Craters on the surface

 

Craters on the surface
Craters on the surface: light wheat bread recipe from The Bread Baker’s Apprentice featured on Smitten Kitchen | Canon 7D and 100mm f/2.8 Macro lens | Exposed 1/60 sec. @ f/8, ISO 200 | 580 EX II Speedlite fired in the DIY Beauty Dish on camera left.

Over the past month Elizabeth and I have been working on a new project I’ll be unveiling soon.  Part of it is a new-found interest of mine: baking bread.  I’ve never considered myself a good candidate for the Atkins diet because I simply cannot get enough bread in my life.  Elizabeth has a bread machine that she purchased from a second hand store, and while neither one of us particularly likes the loaves it makes, I’ve found that it’s a fantastic dough-making machine–plus it takes care of the first rise.  Pictured here is the top crust of a very basic, but very functional sandwich bread: Light Wheat Bread from The Bread Baker’s Apprentice and featured on the Smitten Kitchen.

Beauty Dish is Coming…

Beauty Dish
Home Depot Beauty Dish

Two coats of paint, a couple weeks of curing, some mishaps in assembly, and a third coat of paint to fix aforementioned mishaps later, and the beauty dish is ready for testing.  Stay tuned…

Catface
Catface | Canon 7D and 50mm f/1.4 lens | Exposed 1/250 sec. @ f/2.8, ISO 100 | 550EX strobe fired with built-in wireless flash control

The Home Depot Beauty Dish – Part One

Building blocks
Building blocks: a paint can lid, a "terra cotta" planter, a shoe-mount speedring, and satin-finish black and white spray paint

Inspired by a post at Strobist about David Tejada’s Home Depot faux terra-cotta (plastic) planter-turned-beauty-dish for shoe-mount flash, I set out to create one of my own.  Unfortunately, the “plans” Tejada followed won’t really work for me: the gutter downspout connector he used really only fits the head of a very small flash (the Nikon SB-800 was a remarkably compact flash) but my Canon 550EX units are far larger.  After doing some research on “the Internets,” I found a beautifully made dish that employed a mixing bowl and a pizza pan: Todd Owyoung’s “Chinatown Special.” Remarkably, there’s a restaurant supply company near my house, but I am without a Dremel tool, so I was faced with a choice: increase the cost of the project by getting a Dremel, or adapting Owyoung’s idea to the plastic Home Depot planter.  I’ve chosen the latter.

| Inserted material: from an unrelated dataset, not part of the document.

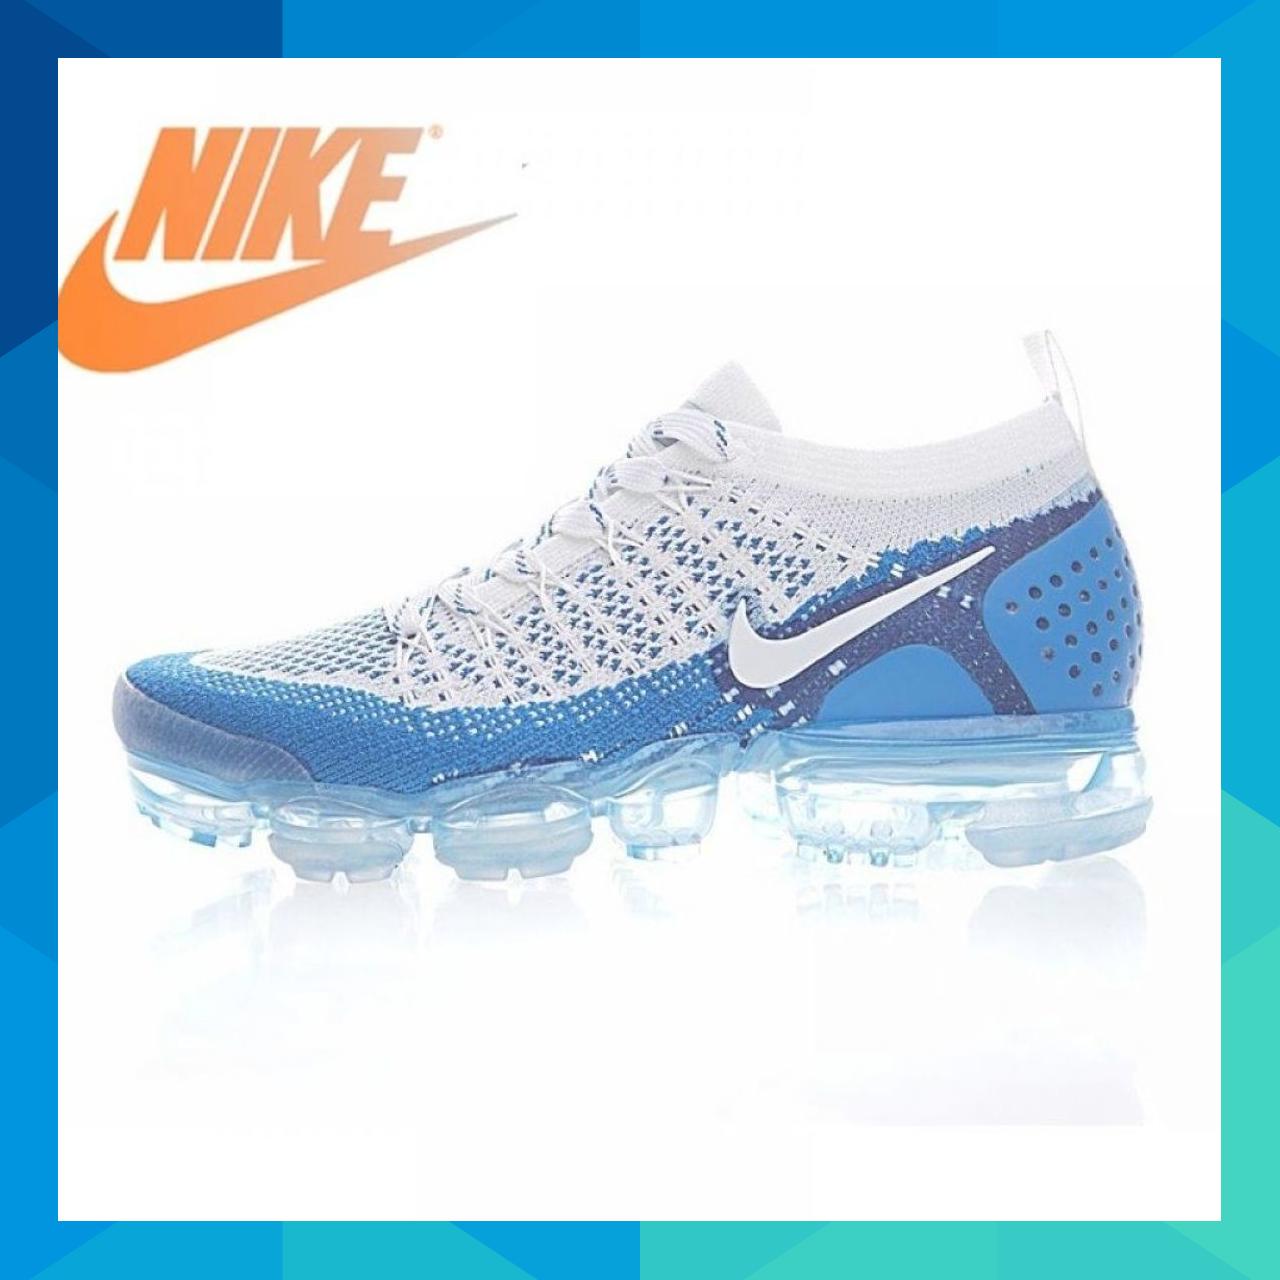 Original Nike Air Vapormax Flyknit 2 Running Shoes Price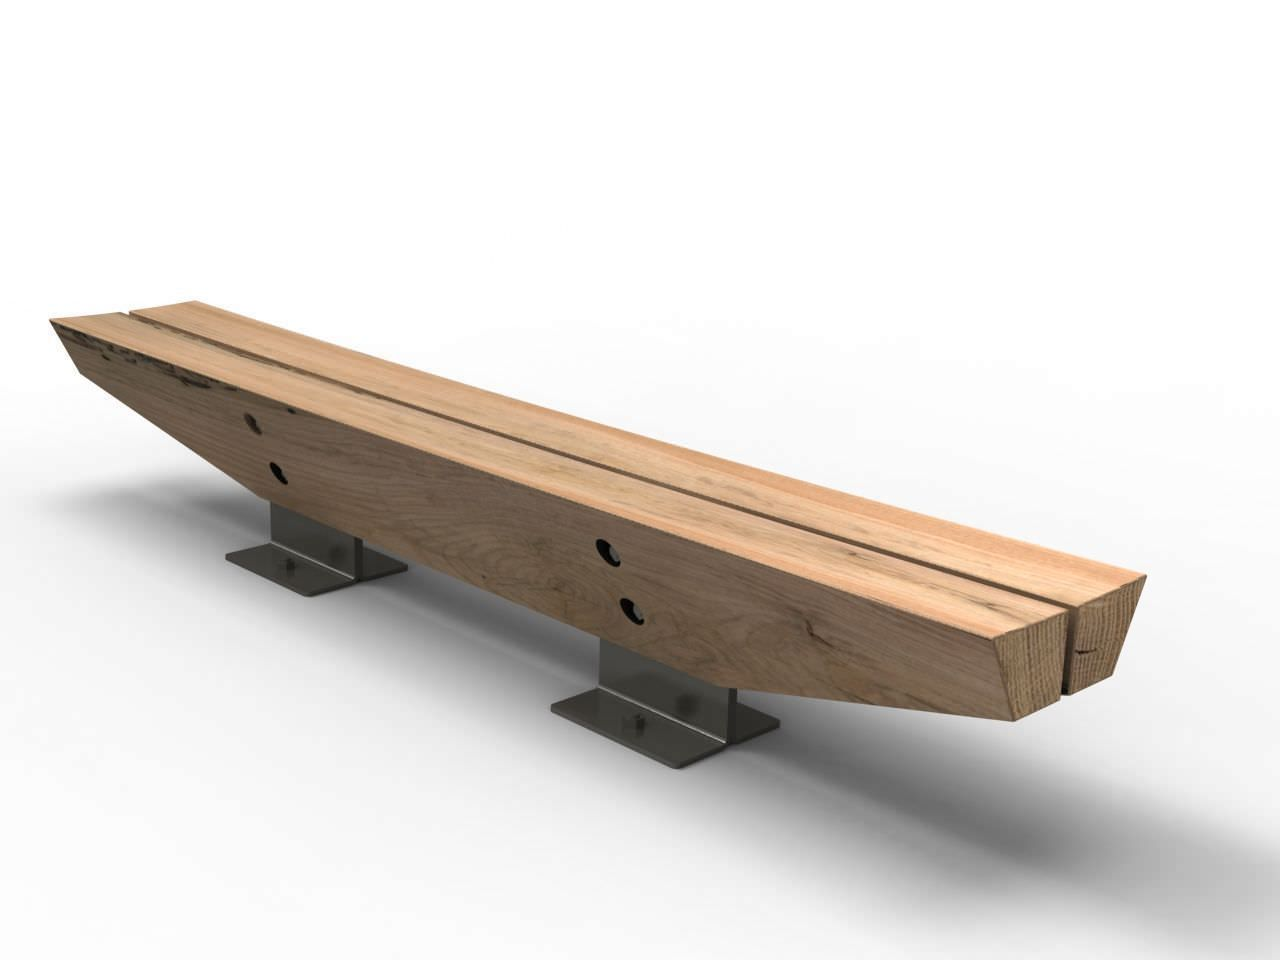 urban furniture designs. Stool Chair · Rustic Industrial FurnitureOutdoor Furniture DesignUrban Urban Designs

So what about the reflector in the middle?  Tejada, along with many people online, went with a CD case with a blind-spot mirror for a car epoxied in the center, but I thought the Chinatown Special’s use of a pizza pan was much more true to the design of actual beauty dish light modifiers.  Unfortunately, an eight-inch pizza pan would occupy far too much space within the planter, so I went hunting for something a little smaller–something between five and six inches.  Ultimately, I found a metal disc that would fill the same proportion of the Home Depot planter that the pizza pan filled the center of the mixing bowl: the lid from a paint can.

Finally, I had to decide how to mount the flash to the dish, and once again I borrowed from Todd Owyoung’s design and have found screws that serve as attachment points for a shoe-mount strobe softbox speedring: specifically, from this kit at Cowboy Studio.

Beauty dish
Beauty dish prior to painting

Now, the exciting thing about all of this?  The dish is currently drying/curing, all of the holes have been drilled, the window for the flash has been cut (there was some minor cracking in the bottom of the planter…oops!) but I don’t yet know what quality of light I’m going to get from this, or how evenly the paint can lid will bounce the light around the dish.  So whether it turns out beautifully (pun intended) or is tragically revealed to be an example for others not to follow, you’ll find out here soon!

Lighting with a Beauty Dish

The concept of the “beauty dish” came up today in my Advanced Techniques class at MU.  Two examples that immediately jumped to mind, both linked from David Hobby’s Strobist blog.

The first was a People magazine photo spread from 2007 that featured ten celebrities without the use of retouching–digital or otherwise.  Instead, studio techniques were employed to ensure that these celebrities would not look like mere mortals.  Just the same, I’d rather see clever studio work to get the result “in camera” than to see a photograph in a magazine that features only a few “original” pixels.  Strobist points to a PopPhoto blog that (roughly) explains how the images were created.

Secondly, I thought of a portrait of a Navy SEAL by photographer Morgan Silk.  The setup for the photograph was a beauty dish, a reflector, and two smaller lights for some rim lighting in back.  It’s explained at F Stop, with some really nice diagrams.  Ironically, and unfortunately, I think just as much post-production retouching went into the photo as would normally have happened with the photos of the ten celebs.  Funny old world.  The addition of the sky is just overkill, but the lighting on the face, especially, is interesting (and simple).

Finally, if you want to make your own beauty dish, there is a tutorial at Light and Pixels.